Frameworks give you a structured, proven way to build a security program — so you're not reinventing the wheel. Compliance ensures you meet legal and contractual obligations.
| Name | Focus |
|---|---|
| NIST Cybersecurity Framework (CSF) | Govern, Identify, Protect, Detect, Respond, Recover |
| ISO/IEC 27001 | International standard for an ISMS (certifiable) |
| NIST 800-53 | Detailed control catalog (US federal) |
| CIS Controls | Prioritized, practical "top 18" safeguards |
| SOC 2 | Trust criteria audit (common for SaaS vendors) |
| PCI DSS | Payment card data security (contractual) |
| MITRE ATT&CK | Adversary behavior (detection, not compliance) |
GOVERN — set strategy, roles, risk decisions (added in CSF 2.0)

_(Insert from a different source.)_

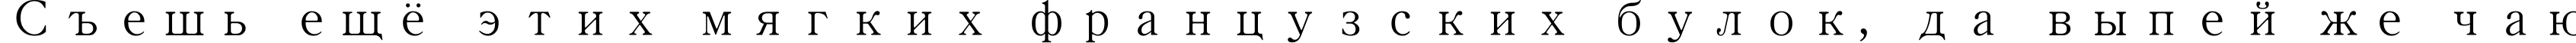 Пример написания шрифтом MS Mincho текста на русском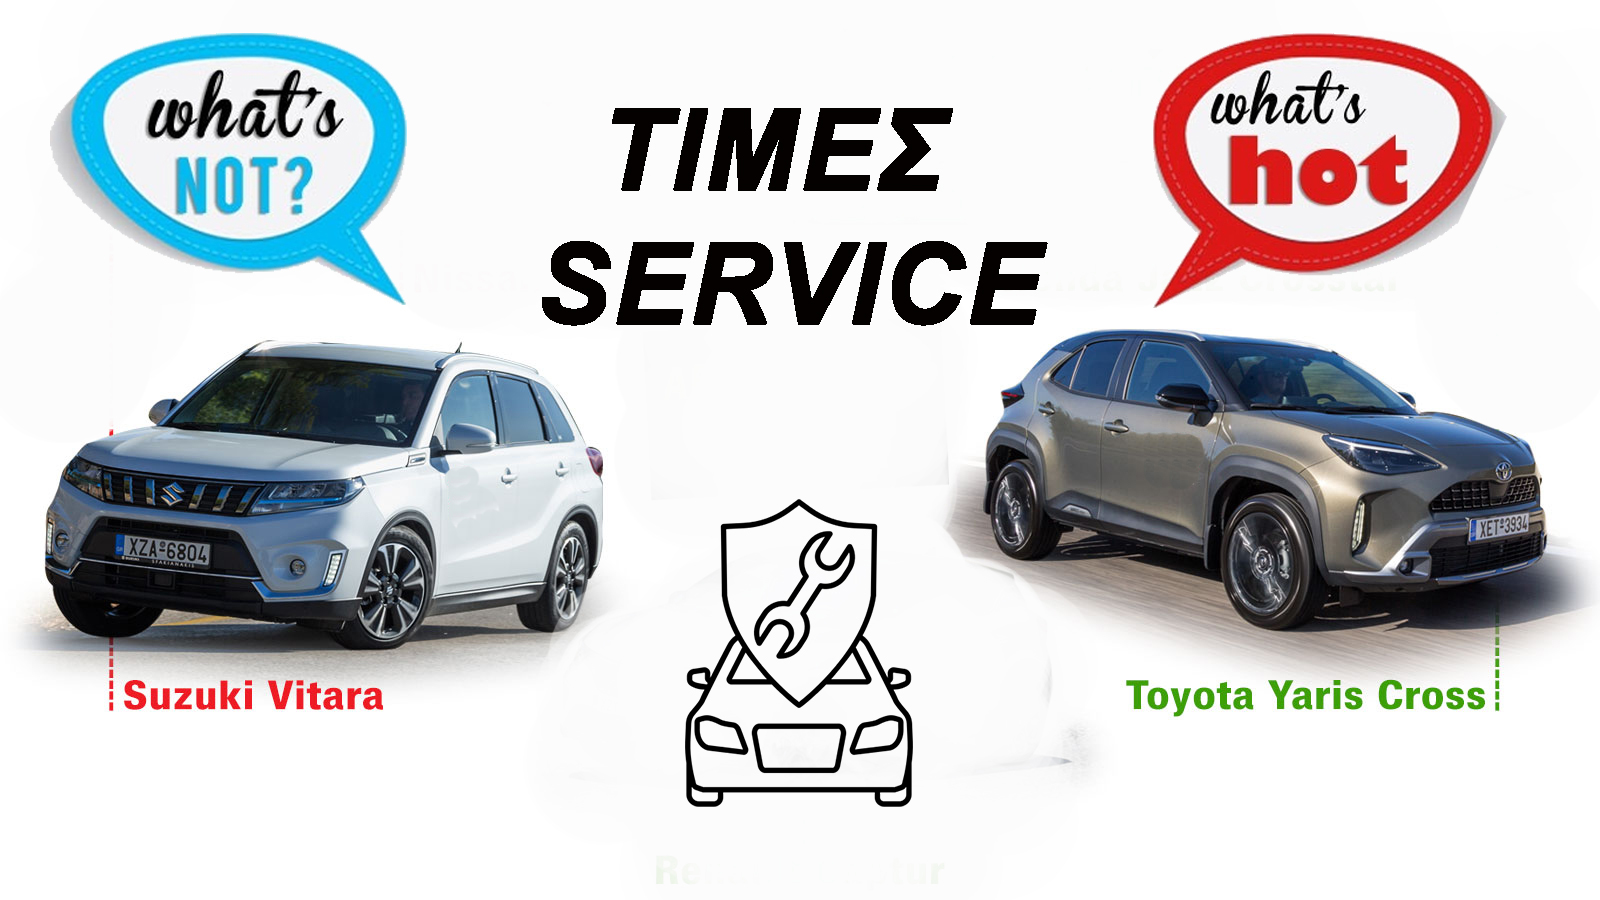 Φθηνότερη η Toyota και ακριβότερη η Suzuki στο service υβριδικών

IDENTIFY — know your assets and risks
PROTECT — safeguards
DETECT — find events
RESPOND — act on incidents
RECOVER — restore and learn
| Regulation | Scope |
|---|---|
| GDPR (EU) | Personal data; 72-hour breach notice; heavy fines |
| HIPAA (US) | Healthcare data (PHI) |
| CCPA/CPRA (California) | Consumer privacy |
| PCI DSS | Cardholder data (industry-mandated) |
| SOX | Financial reporting controls |
| DPDP Act (India) | Personal data protection |
Many overlap. A solid ISO 27001 / NIST CSF program satisfies large portions of multiple regulations at once.
| Document | Role | Example |
|---|---|---|
| Policy | High-level intent (mandatory) | "All data must be encrypted" |
| Standard | Specific mandatory rule | "Use AES-256" |
| Procedure | Step-by-step how-to | "How to rotate a key" |
| Guideline | Recommended (optional) | "Prefer passphrases" |
Compliance is a floor, not a ceiling. "Compliant" ≠ "secure" — many breached companies were compliant. Use frameworks to build genuine security; treat compliance as the minimum bar, not the goal.